Turning to the CMI, the primary interests of the U.S. are that it promote regional economic stability and responsible economic policies. With regard to stability, the key point is that CMI be effective in preventing and stopping currency crises. While it is unpredictable how CMI will work in an actual crisis, the simplicity of the mechanism is encouraging.

The greater concern is the possibility that CMI will create an environment of moral hazard, by shielding countries from the consequences of irresponsible economic policies. This is most likely to occur if the IMF link is substantially reduced or eliminated, since there is no other viable means of enforcement in the midst of a crisis. The IMF link is important not only to the institutional goals of the IMF or power considerations of the U.S., as is sometimes claimed, but to the question of whether CMI will be a stabilizing or a destabilizing force in the regional economy. For economic reasons even more than political ones, the U.S. should continue to insist that CMI remain under the IMF umbrella.

Politically, the big question is how financial regionalism fits into relations among Japan, China and the U.S. In the long run, two trends will be relevant to East Asian financial regionalism: (1) a contest for regional influence between Japan and China, and (2) efforts by China to weaken U.S. alliances in the region. Japan, increasingly sidelined in East Asia by China’s rapid economic rise and deft political maneuvering as well as its own “history problem,” needs to maintain strong political and economic relations with the U.S. as the basic guarantor of its security and as a key economic partner.

The U.S. government has made clear that it does not like regional efforts that exclude it, and ASEAN+3 financial regionalism is potentially a flashpoint. The U.S. has considerable interests in the outcome of East Asian financial regionalism, and therefore desires direct participation in any substantive negotiations to protect its interests. For the time being, U.S. opposition to exclusive regional arrangements may help to keep regional actors sensitive to U.S. interests.
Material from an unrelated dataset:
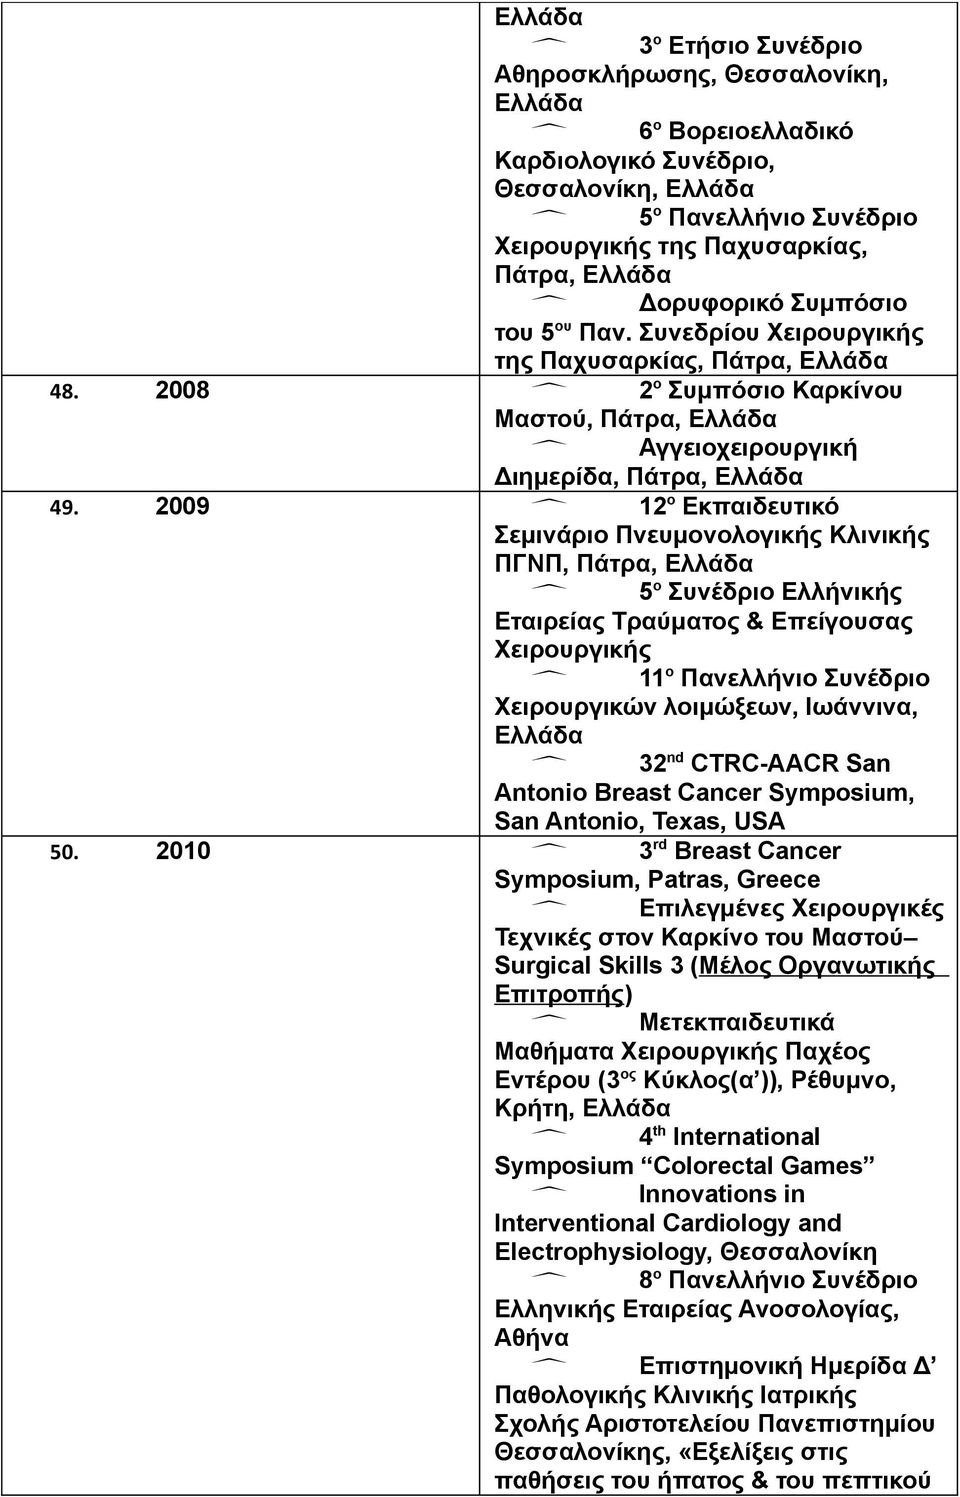 2009 12 ο Εκπαιδευτικό Σεμινάριο Πνευμονολογικής Κλινικής ΠΓΝΠ, Πάτρα, 5 ο Συνέδριο Ελλήνικής Εταιρείας Τραύματος & Επείγουσας Χειρουργικής 11 ο Πανελλήνιο Συνέδριο Χειρουργικών λοιμώξεων, Ιωάννινα,

Longer term, the U.S. (and Japan) should be particularly concerned about the future of the CMI. That Initiative involves large amounts of money, which could form the basis of regional reserve pooling and potentially a weakening of U.S. and IMF input into regional macroeconomic management. It is also possible that at some future point Chinese leaders will propose elimination of the IMF link in order to pressure Japan. This would put Japan in the position of either angering its Southeast Asian partners by vetoing elimination or creating a breach with the U.S. and injuring its own economic interests by going along. Of course, China’s economic interests would also be harmed by elimination, but its leaders may well see that as an acceptable price to pay for weakening the U.S. or Japanese politically in East Asia.

The main responsibility for preventing such a development lies with Japan. The Japanese government cannot be expected to act as a representative of U.S. interests in East Asia, but it must take into account legitimate U.S. economic interests in regional openness and economic stability. Fortunately, the U.S. not only has considerable leverage in its dealings with Japan, but in the financial arena also shares many key interests. It is important to the U.S. that Japan help to create an architecture that is open and stable and will generate incentives to members to maintain those ideals. It is up to the U.S. government to support such efforts.